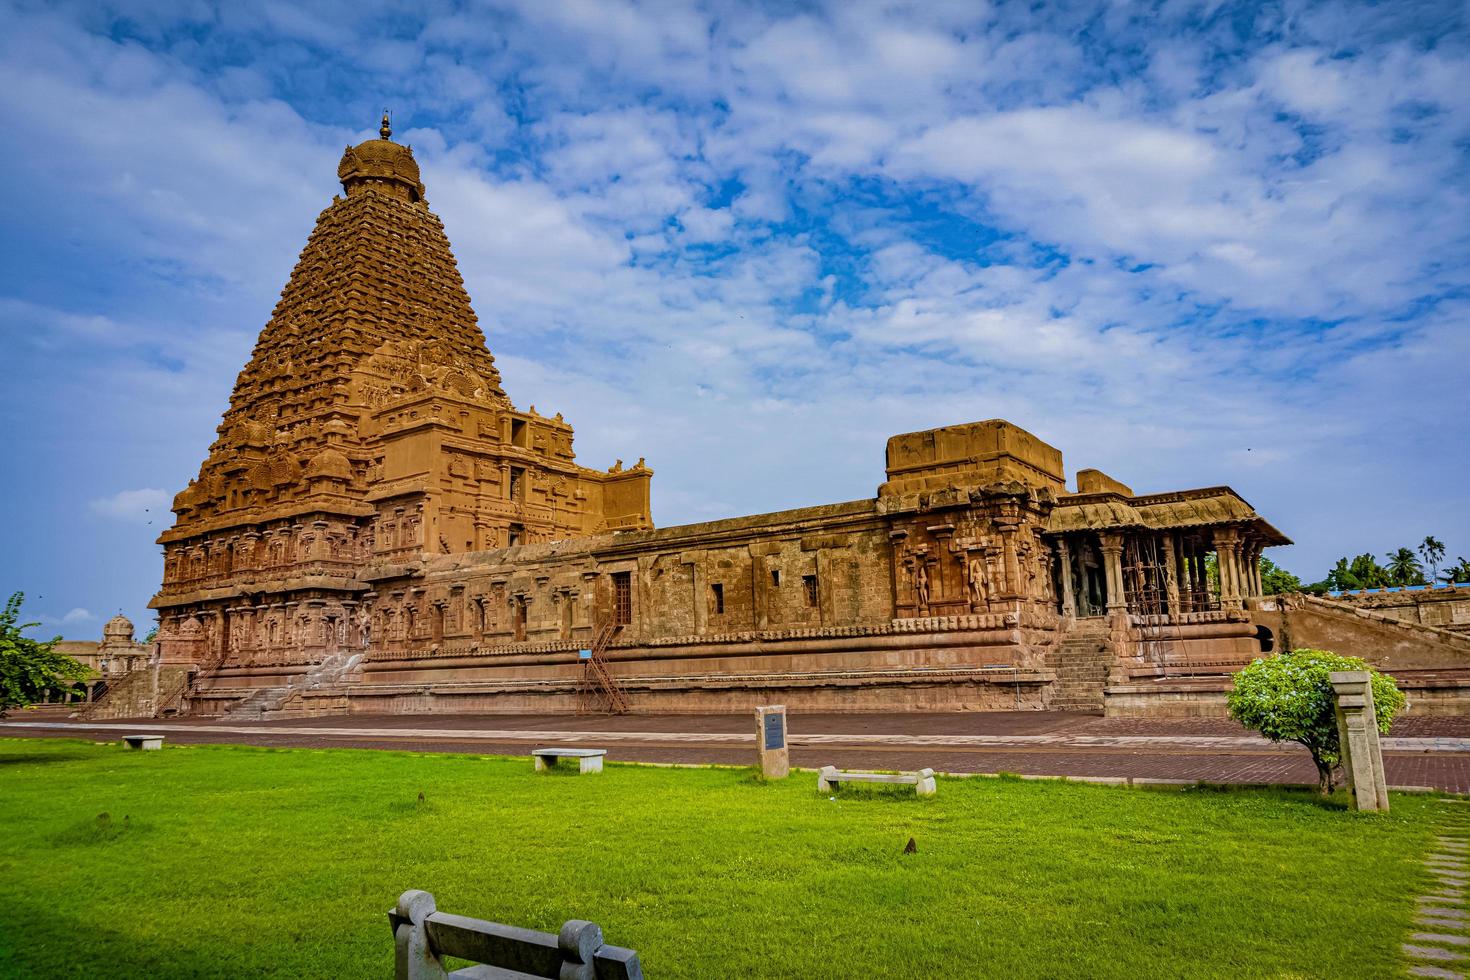 tanjore stor tempel eller brihadeshwara tempel var byggd förbi kung raja raja cholan i thanjavur, tamil nadu. den är de mycket äldsta och högsta tempel i Indien. detta tempel anges i unescos arv webbplats. foto
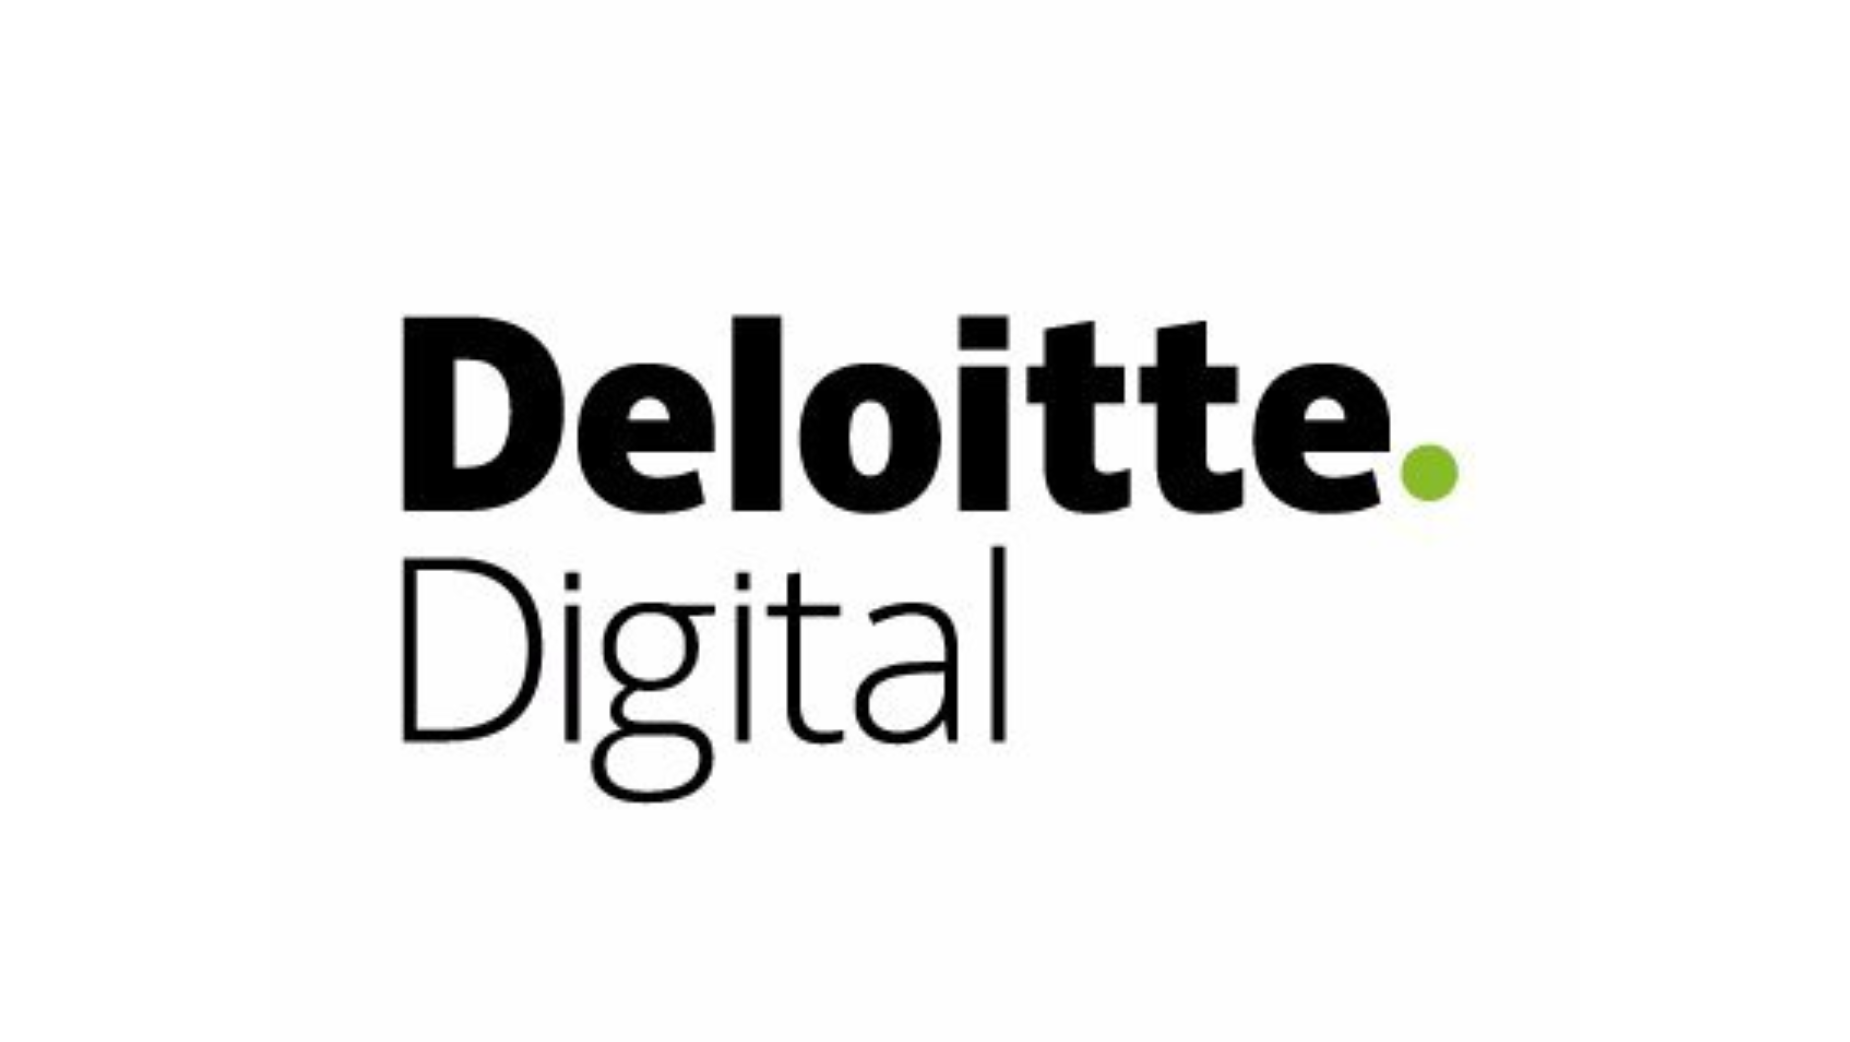 Deloitte Digital présente un outil de contenu créatif basé sur l’IA pour révolutionner le marketing
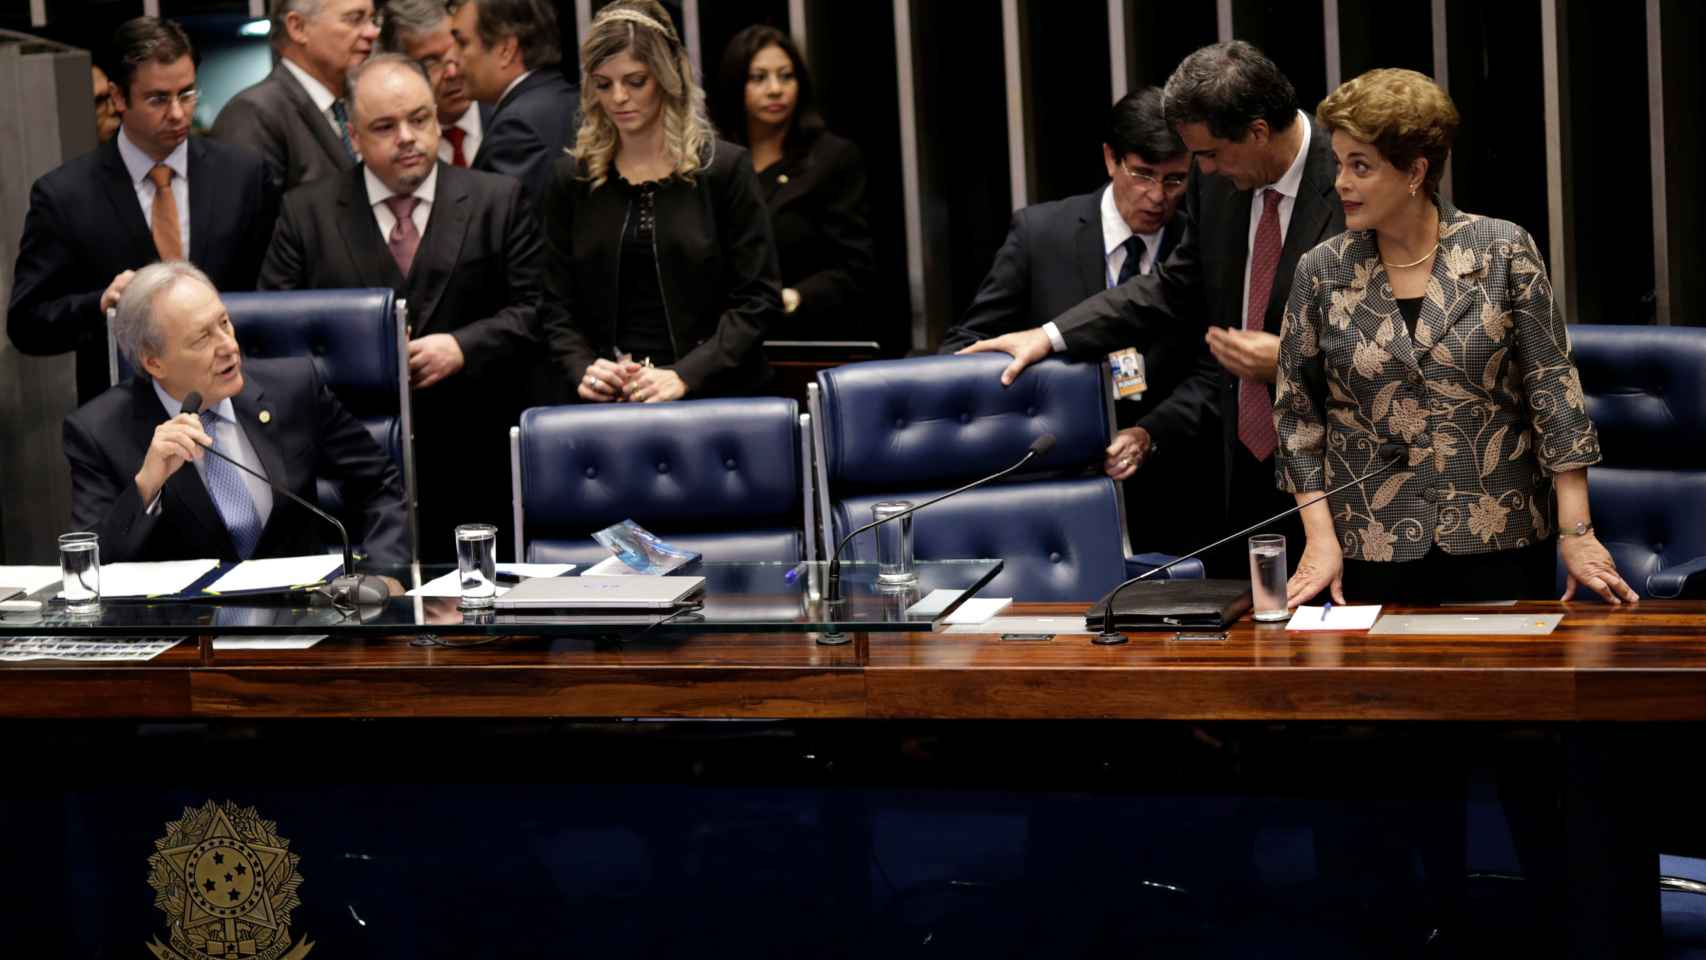 La presidenta de Brasil afirma ser víctima de una conspiración.

........

- **Work item**: Nothing but the pictures may be dropped as you repeat the listing above exactly.

- **Solution for this problem**:
 tanjore stor tempel eller brihadeshwara tempel var byggd förbi kung raja raja cholan i thanjavur, tamil nadu. den är de mycket äldsta och högsta tempel i Indien. detta tempel anges i unescos arv webbplats. foto
 Deloitte Digital présente un outil de contenu créatif basé sur l’IA pour révolutionner le marketing
 La presidenta de Brasil afirma ser víctima de una conspiración.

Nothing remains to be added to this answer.